When real property is inherited through probate, the value of the property is stepped up from whatever the decedent paid for the property to whatever the property is worth at the time of the transfer. The new owner of the property can now use this stepped up value of the property as their basis in the property when they sell it, thereby avoiding a potentially significant amount of capital gains tax.

However, if a person transfers property using a quitclaim deed, the new owner in the property maintains the basis of the original owner. The new owner will now pay capital gains tax on the difference in the original basis and the sales price.

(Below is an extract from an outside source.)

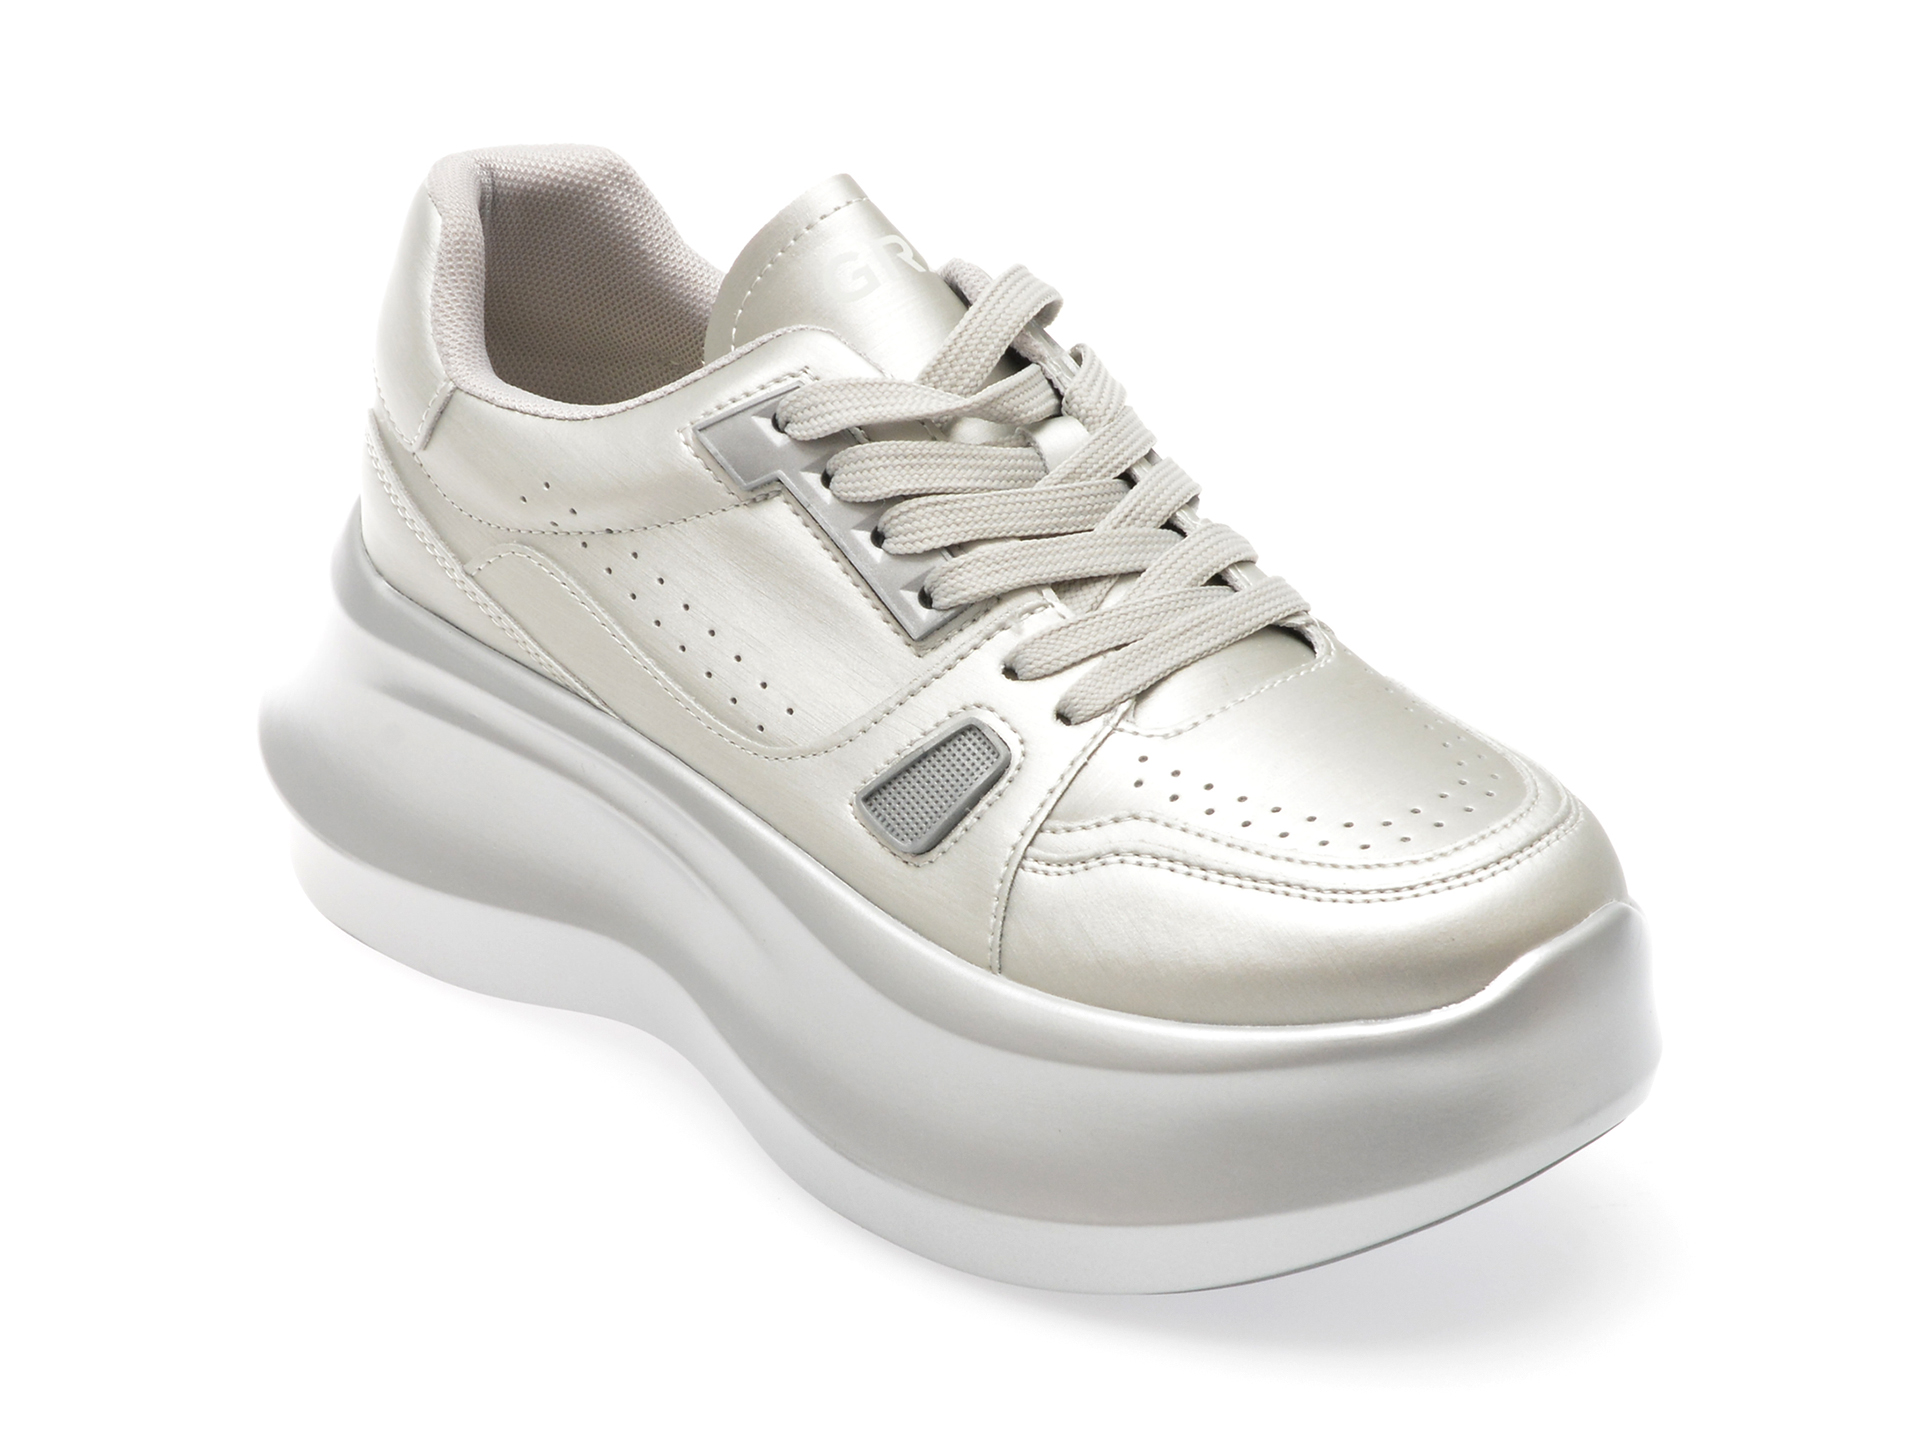 Pantofi casual GRYXX argintii, A259, din piele ecologica

For example, assume someone purchases real property for $30,000 and it is now worth $330,000. If a new owner inherits the property through a will or based on state laws and sells the property for $350,000, the new owner pays capital gains tax on only $20,000, the difference between the sales price and the value when the new owner received the property.

However, if a new owner receives property through a quitclaim deed and sells the property for $350,000, the new owner pays capital gains tax on $320,000, the difference between the sales price and the amount the previous owner paid for the property.

Given the significant amount of capital gains tax involved for real property that has increased significantly in value, paying the costs associated with probate may be cheaper in the end than using a quitclaim deed in an attempt to avoid probate costs.